Influential proxy advisory firm Institutional Shareholder Services (ISS) is gearing up to advise Mylan shareholders how they should vote in its upcoming board election—namely the reelection of controversial Chairman Robert Coury and other entrenched directors. But it won’t tell Mylan which way it’s leaning.
"We believe that the pending ‘vote no’ campaign led by certain Mylan shareholders creates a contentious/controversial situation and so ISS is not providing Mylan with a prepublication review,” a company spokesman told the news service.
Ahead of a June 22 vote allowing shareholders to pass judgment on Coury and five other directors on Mylan’s board, New York City and State pension funds and the Teachers' Retirement System are working to convince shareholders to vote no. Among the reasons behind their opposition: poor oversight of Coury’s sky-high pay package, which tallied $97 million last year.

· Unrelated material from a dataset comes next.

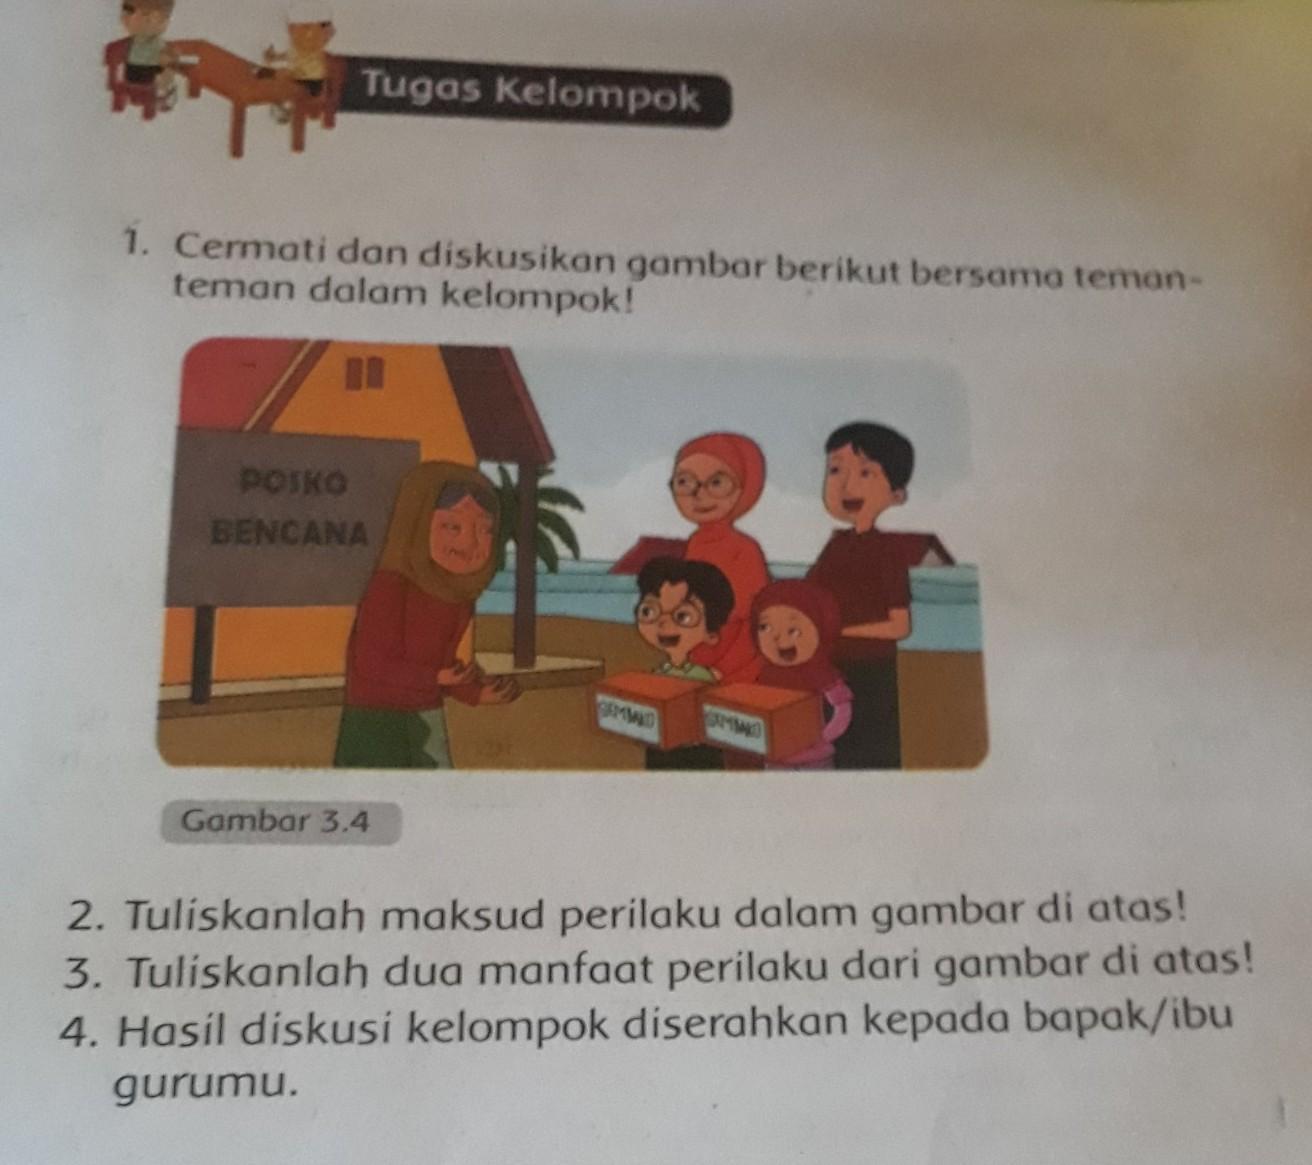 Kunci Jawaban Buku Pendidikan Agama Islam Dan Budi Pekerti Kelas 3 Halaman 37 Brainly Co Id

That’s not all the two funds are unhappy about, though. As rationale for the boardroom shakeup, they’ve also cited investigations into how much Mylan charged the government for its EpiPen and a nixed takeover offer from Teva.
Mylan, meanwhile, has made other efforts to grab ISS’ favor, meeting with the influential shareholder adviser on Monday to chat about Coury’s role in growing the company and make the case for his compensation, the drugmaker’s letter says. In response to the Teva complaints, Mylan says it “never” fielded an offer from the Israeli generics giant.
After shooting down the $82 per share Teva proposed in an open letter in 2015, Coury urged Teva to either “stop playing games” and launch a more formal approach, or walk away. After word got out that Teva was planning to proceed with an offer, it abruptly dropped that plan, instead jumping at an opportunity to snag Allergan’s generics unit for $40 billion-plus.